Поступок Шарлотты Фет можно было бы понять, если бы ожидаемый ребенок был от Шеншина. Но такая возможность исключалась, как видно из писем Шеншина и Шарлотты к ее брату Эрнсту Беккеру.5 Так, после смерти Иоганна Фета в 1826 г. Шеншин писал Э. Беккеру «Очень мне удивительно, что Фет в завещании забыл и не признал своего сына. Человек может ошибаться, но отрицать законы природы - очень уж большая ошибка».

Сам Фет называл своим отцом Шеншина. В написанных им в конце жизни мемуарах, где многое утаено и искажено, он старается не оставить в этом сомнений. Но своей будущей жене он решился открыть тайну своего рождения. За месяц до свадьбы он отправил ей письмо, в котором называет своим отцом И. Фета и рассказывает о том, как Шеншин увез от него его беременную жену. Фет дважды просит сжечь письмо. На конверте его рукой написано «Читай про себя» и рукой его жены - «Положить со мной в гроб».

В Новоселки Шарлотта Фет прибыла в конце сентября 1820 г. а 29 октября (по другим данным 29 ноября) родился будущий поэт. Сыном Шеншина записал его местный священник, горький пьяница, страшно поэтому бедствовавший. Надо думать, он получил хорошую мзду за дерзкий подлог.

Через два года Шеншин обвенчался с Шарлоттой - теперь уже Елизаветой Петровной. Удалось ли предварительно добиться развода с И.-П. Фетом или решились на уголовно наказуемое двоемужество? Вероятнее первое, поскольку (согласно «Летописи» Г. П. Блока) и И.-П. Фет затем, в 1824 г. вторично женился. С другой стороны, в письмах матери Фета к брату упоминаний о разводе, видимо, нет, - иначе сведения об этом попали бы в упомянутую «Летопись». Как бы то ни было, братья и сестры Фета невозбранно звались Шеншиными. Не так получилось с ним. Фамилию Шеншин он носил до четырнадцати лет, а затем лишился ее.

Что-то и в эти годы было неладно. В 1823 г. Елизавета Петровна жалуется брату на то, что бывший муж ее шантажирует, требуя денег за «усыновление» Афанасия; в 1826 г. она просит брата помочь мальчику получить «честную фамилию». «Должен же он получить фамилию», - повторяет она, а Шеншин при этом просит как-нибудь «втиснуть» в желаемый документ частицу «фон», чтобы можно было выдавать Афанасия за потомственного дворянина.

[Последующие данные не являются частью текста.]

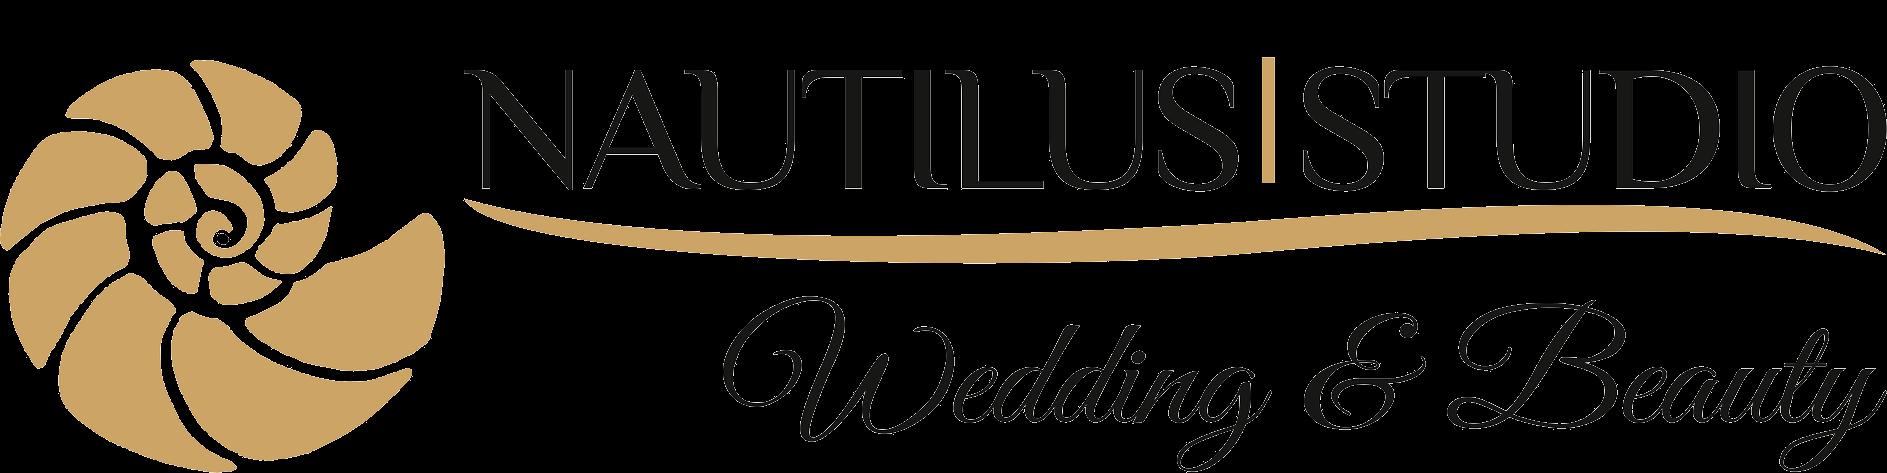 nautilus-logo-2-trans
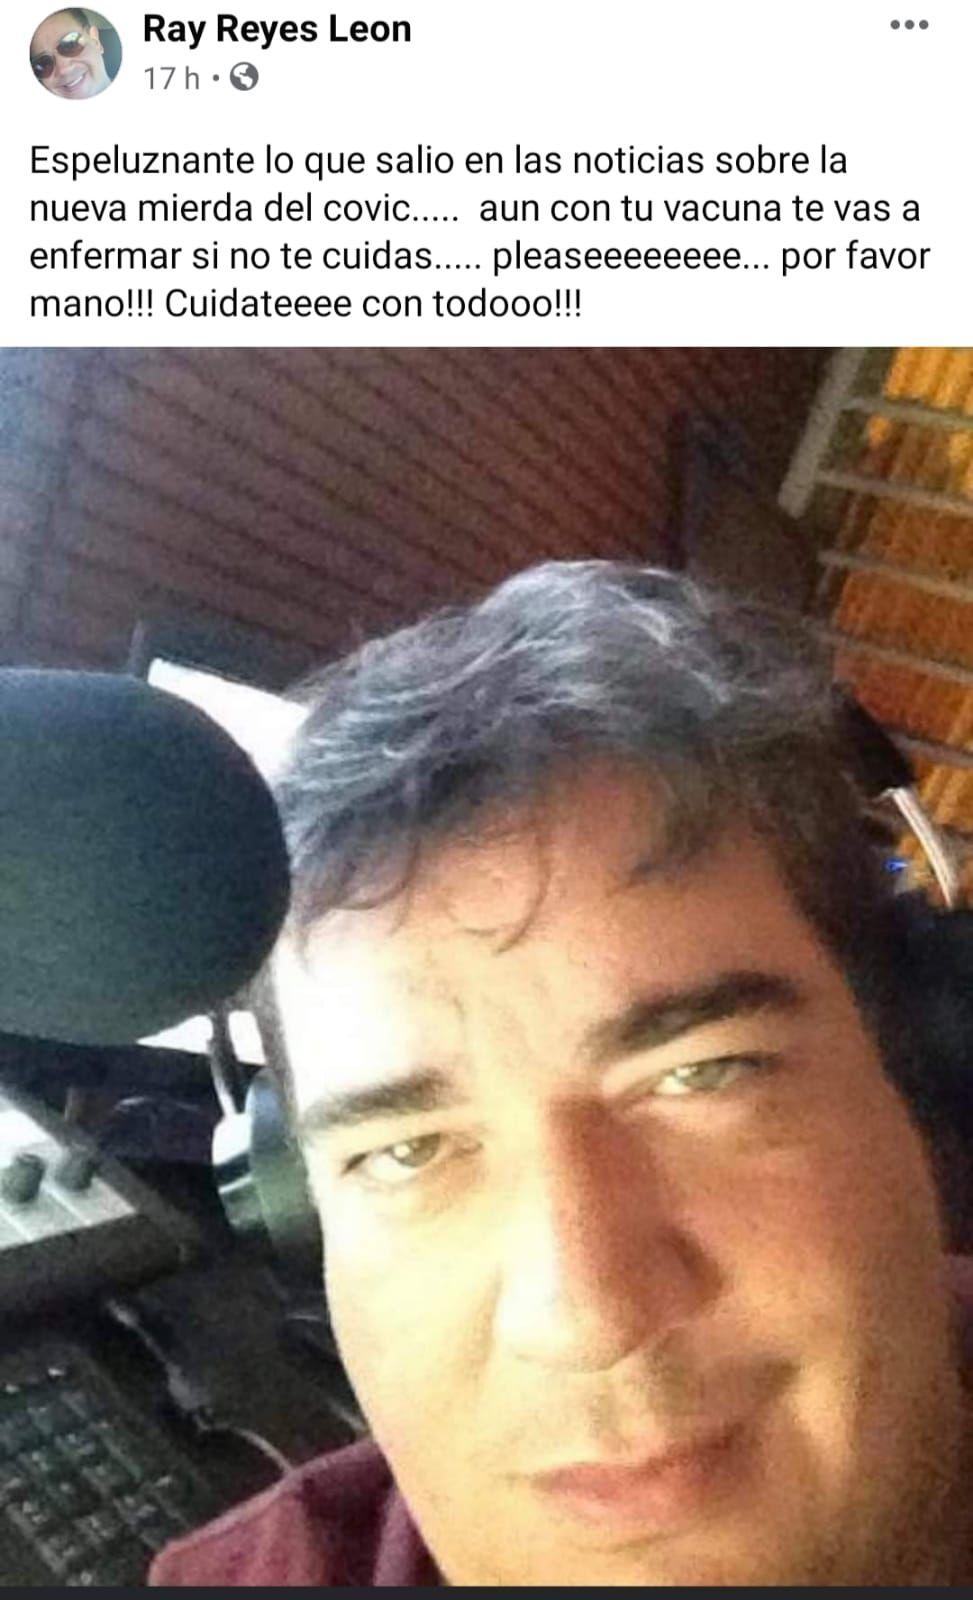 Murió Ray Reyes, ex Menudo

Все это как-то неясно. Во всяком случае мальчик, надо думать, ни о чем этом не знал и рос в имении Шеншина, считаясь и сам себя считая старшим сыном помещика.

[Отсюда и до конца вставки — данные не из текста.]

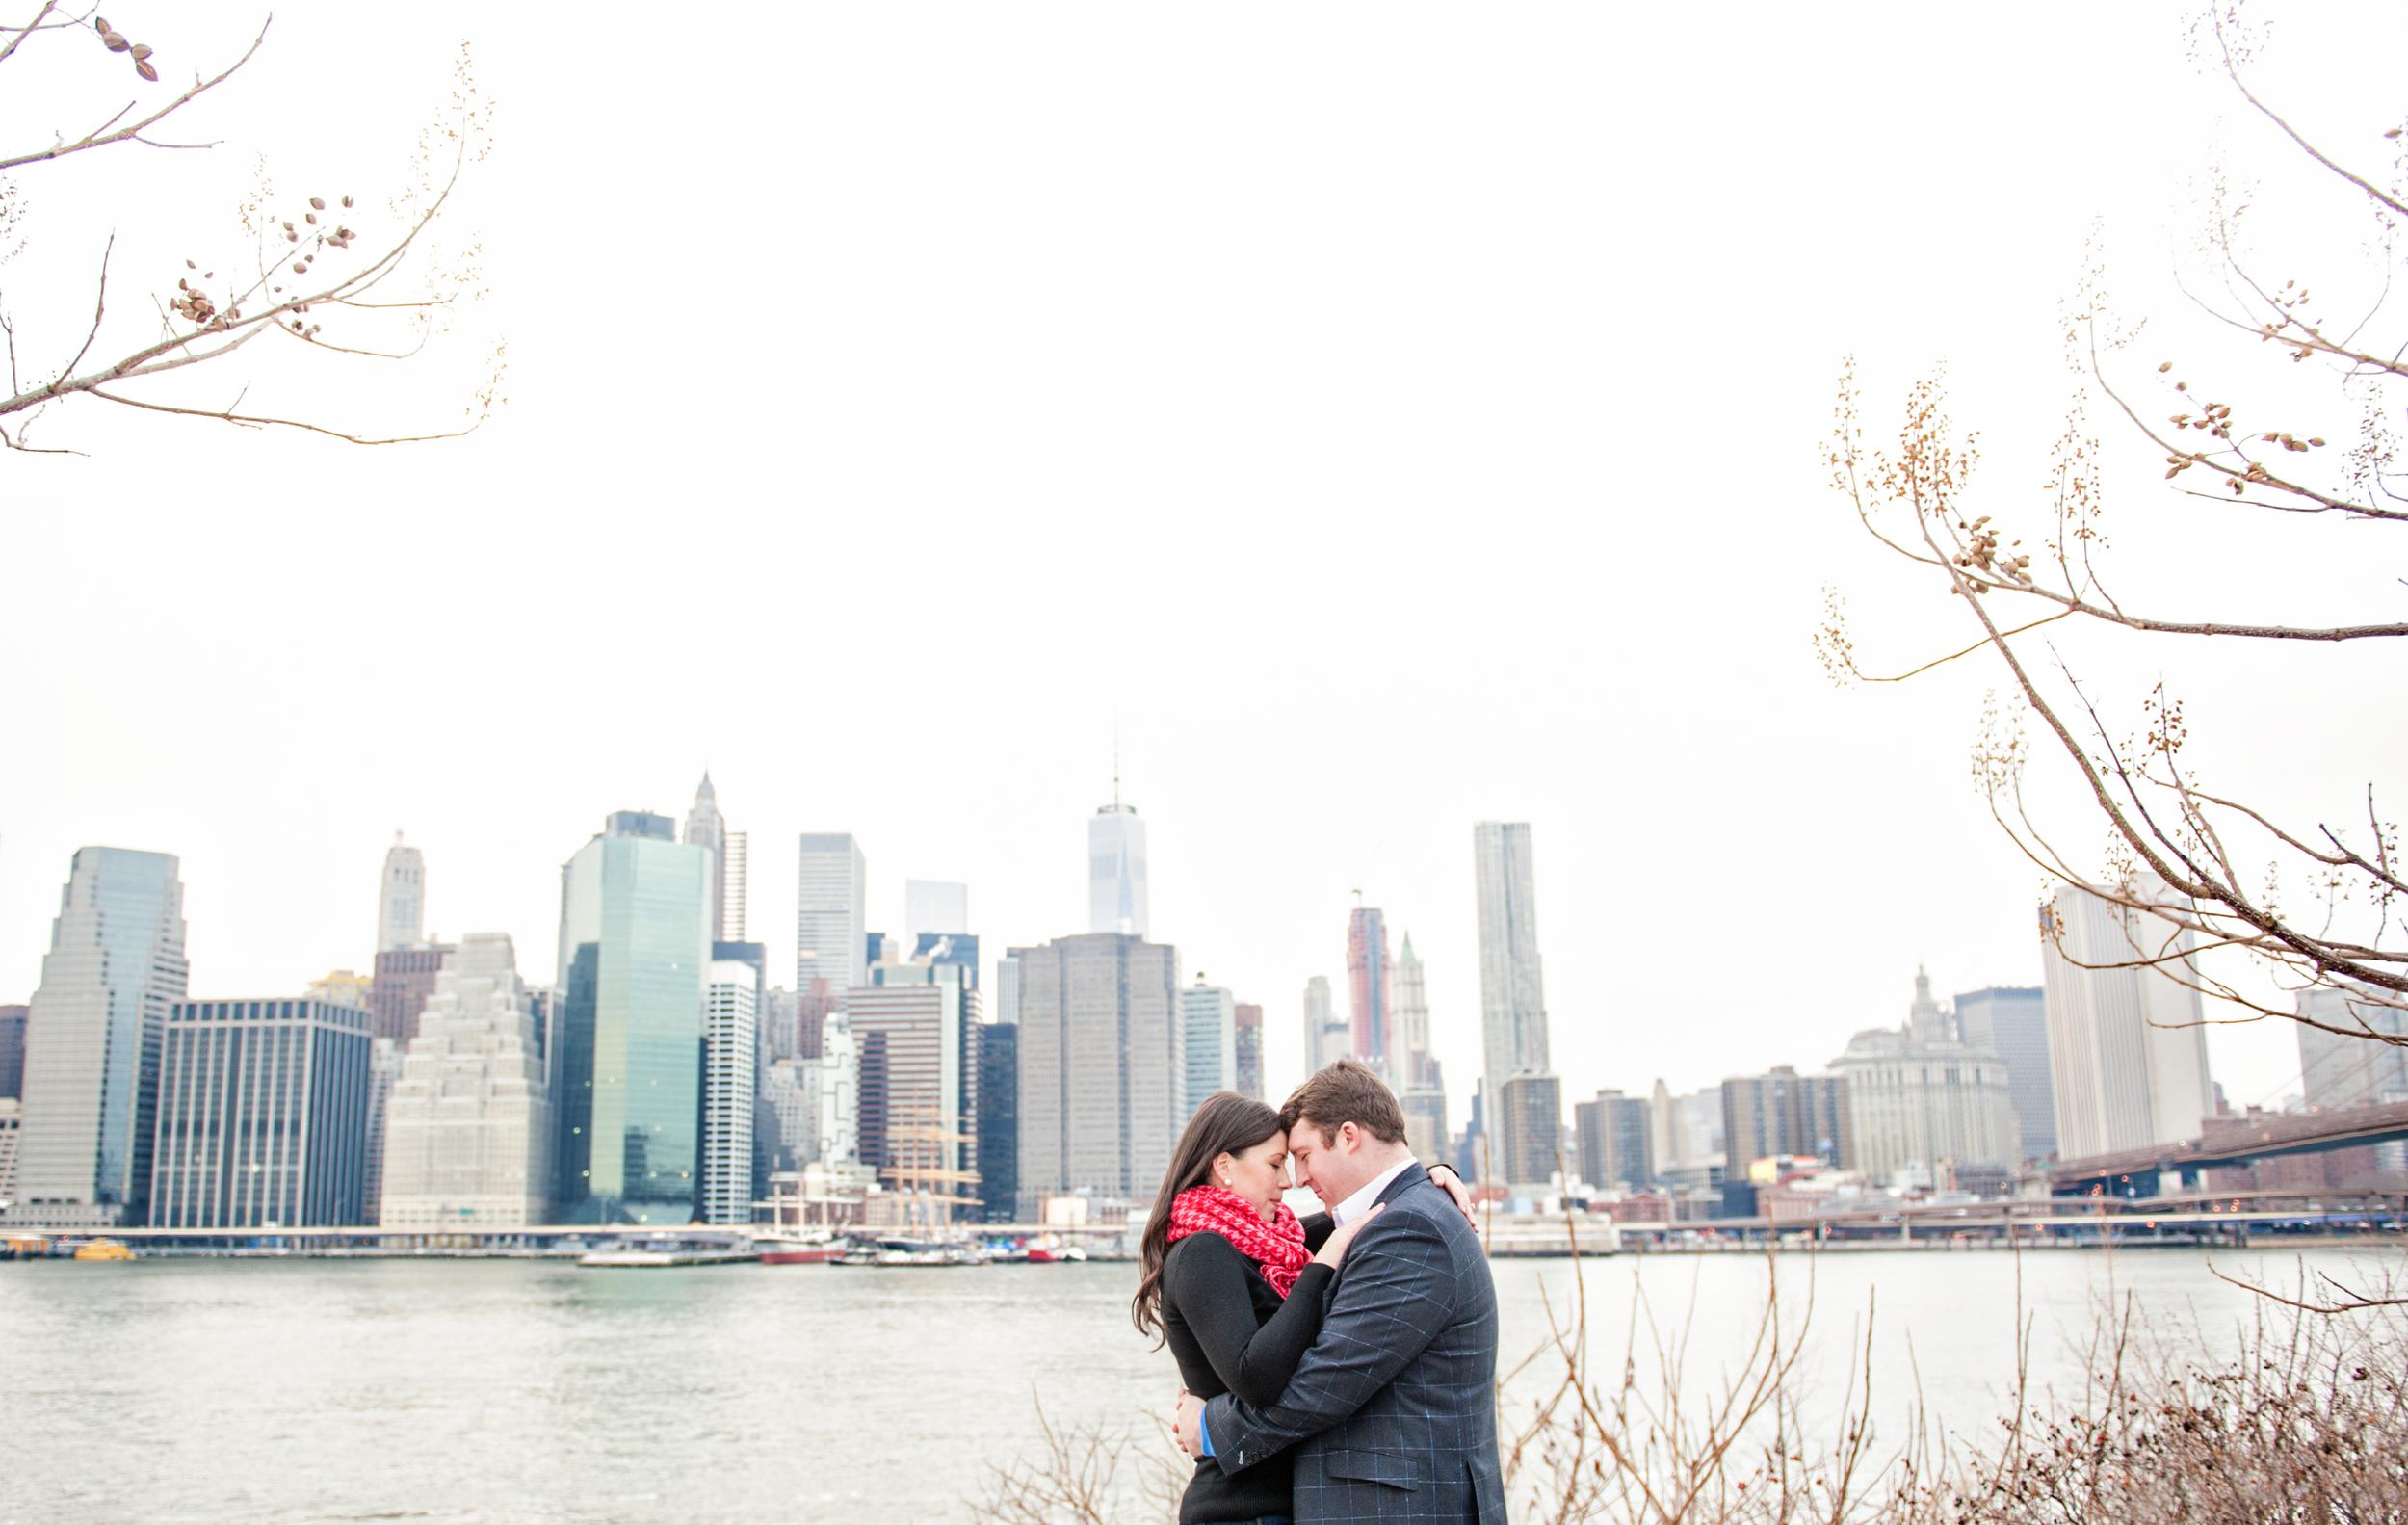 Cirella_Engagement-11.jpg

Детство было нерадостным, вспоминалось впоследствии невесело.

Самым близким и интимным другом Фета был с детских лет и навсегда остался Иван Борисов - мальчик из соседнего поместья. Когда крепостные убили его отца - приятного шутника в обществе и свирепого деспота дома, - А. Н. Шеншин стал опекуном детей Борисовых. Впоследствии И. П. Борисов женился на сестре Фета, Надежде Шеншиной.

Вот что писал Фет этому другу в 1850 г.

«…С тобой, мой друг, я люблю окунаться душой в ароматный воздух первой юности, только при помощи товарища детства душа моя об руку с твоей любит пробегать по оврагам, заросшим кустарником и ухающим земляникой и клубникой, по крутым тропинкам, с которых спускали нас деревенские лошадки, - но один я никогда не уношусь в это детство - оно представляет мне совсем другие образы - интриги челяди, тупость учителей, суровость отца, беззащитность матери и переживание в страхе изо дня в день. Бог с ней с этой, как выражается капитан Крюднер, паршивой молодостью».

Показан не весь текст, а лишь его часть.